The first half of the 00’s saw the rise of a plethora of unknown individuals who were among the first to use the pros of digital recording/publishing and released their material through streaming platforms, Youtube included, and were part of a niche that existed almost exclusively as an Internet phenomenon that was responsible of bringing the kind of creativity that was starting to get aborted in mainstream Black Metal. Though sometimes recognized as such and more often seen as a separate act hardly related to many contemporary Extreme Metal niches, USA’s Leviathan was among the names that earned the most through this kind of self-promotion and distribution. The longtime solo project of tattoo artist Jef Stuart Whitehead, it managed to release a good chunk of demos/studio albums before stopping for external reasons, returning years later with hampered activity.
2003’s The Tenth Sub Level of Suicide is quite an anomalous album, if seen as part of the Depressive Black Metal niche. Pretty much like the homonymous project in Sweden that released Far Beyond the Light and Armagedda, this is a brand of D-tuned Black Metal that features way more fast blast-beats and slurred tremolo guitars than the average, slower releases of the niche. Like Xasthur, Leviathan employs screechy, non-muted minor-key or diminished/dissonant arpeggios and sick harmonies, but Whitehead uses also more stop-start dynamics, faster tertiary rhythms (drums are Whitehead’s first instrument), tempo changes, less single-riff minimalism and way more feral, distorted and falsetto-oriented acid shrieking vocals.

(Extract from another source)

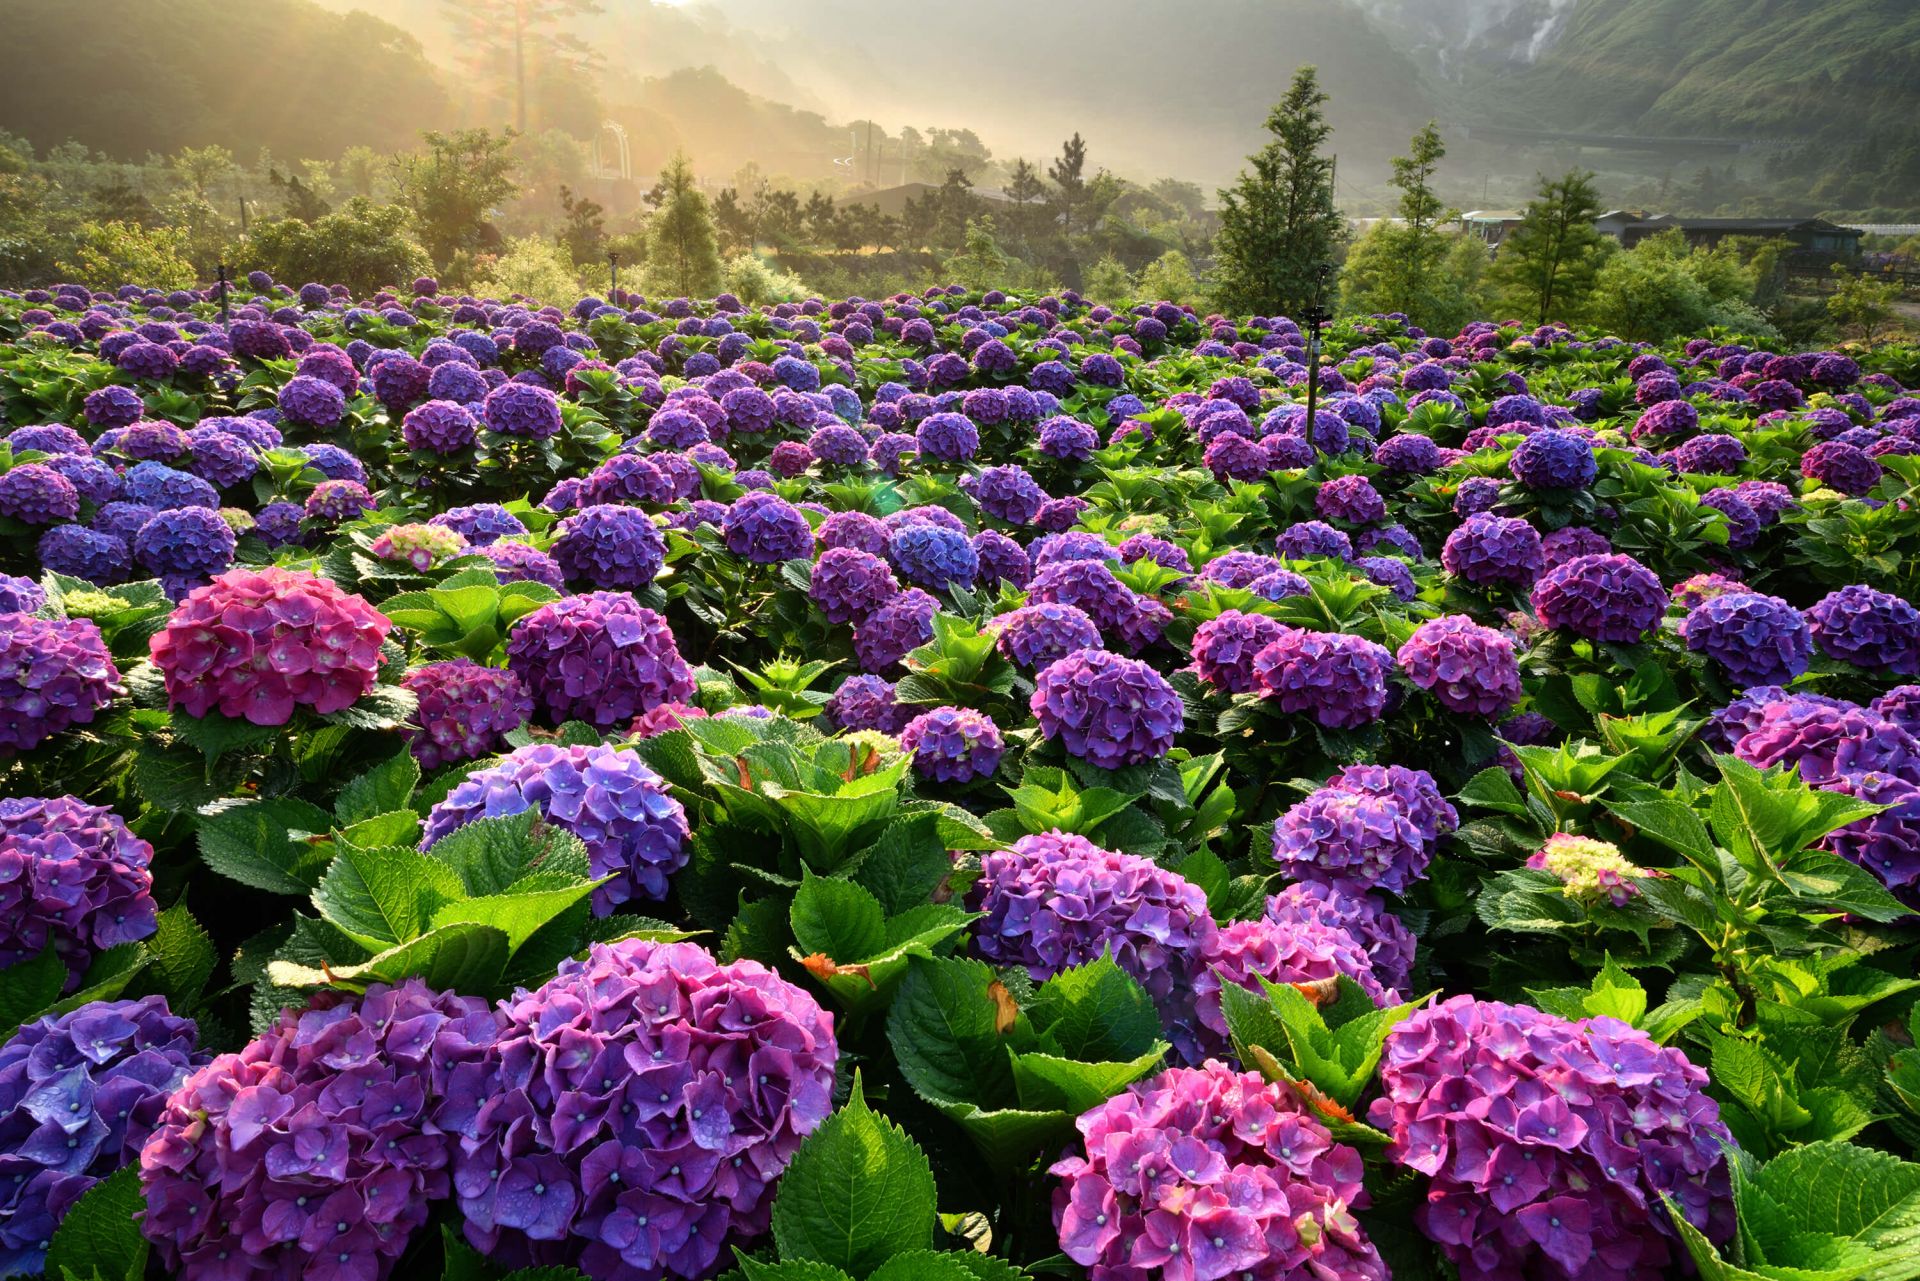 Hydrangea garden 1080P, 2K, 4K, 5K HD wallpapers free download | Wallpaper  Flare

“Sardoniscorn” features extremely repetitive E/F/E-flat minor arpeggios all too long used, re-used, abused and re-written to death by “Orthodox” acts like Ondskapt, Watain, Burzum, Mayhem and the like, "Scenic Solitude and Leprosy" alternates Death Metal sloppy blasts and more desperate-oriented acute chording, “He Whom Shadows Move Towards” gets slightly more interesting in its second half, when minor-seventh chords and the bass harmonize together, creating more inspired esoteric chord progressions that feel more liberating and outer-tending than life-draining. The second half gets progressively more esoteric and fright-themed, particularly “The Idiot Sun”, whose C/G-minor open-chord arpeggio licks, semitone bassline and slow, unchanging groove are the closest-related to actual Depressive Black Metal. At 15 minutes, the final title track achieves the widest dynamics, and ends an album that, as much scary and venomous it may sound, reveals also Whitehead’s trouble in keeping up the momentum on his albums, especially for 70-minutes releases like this one.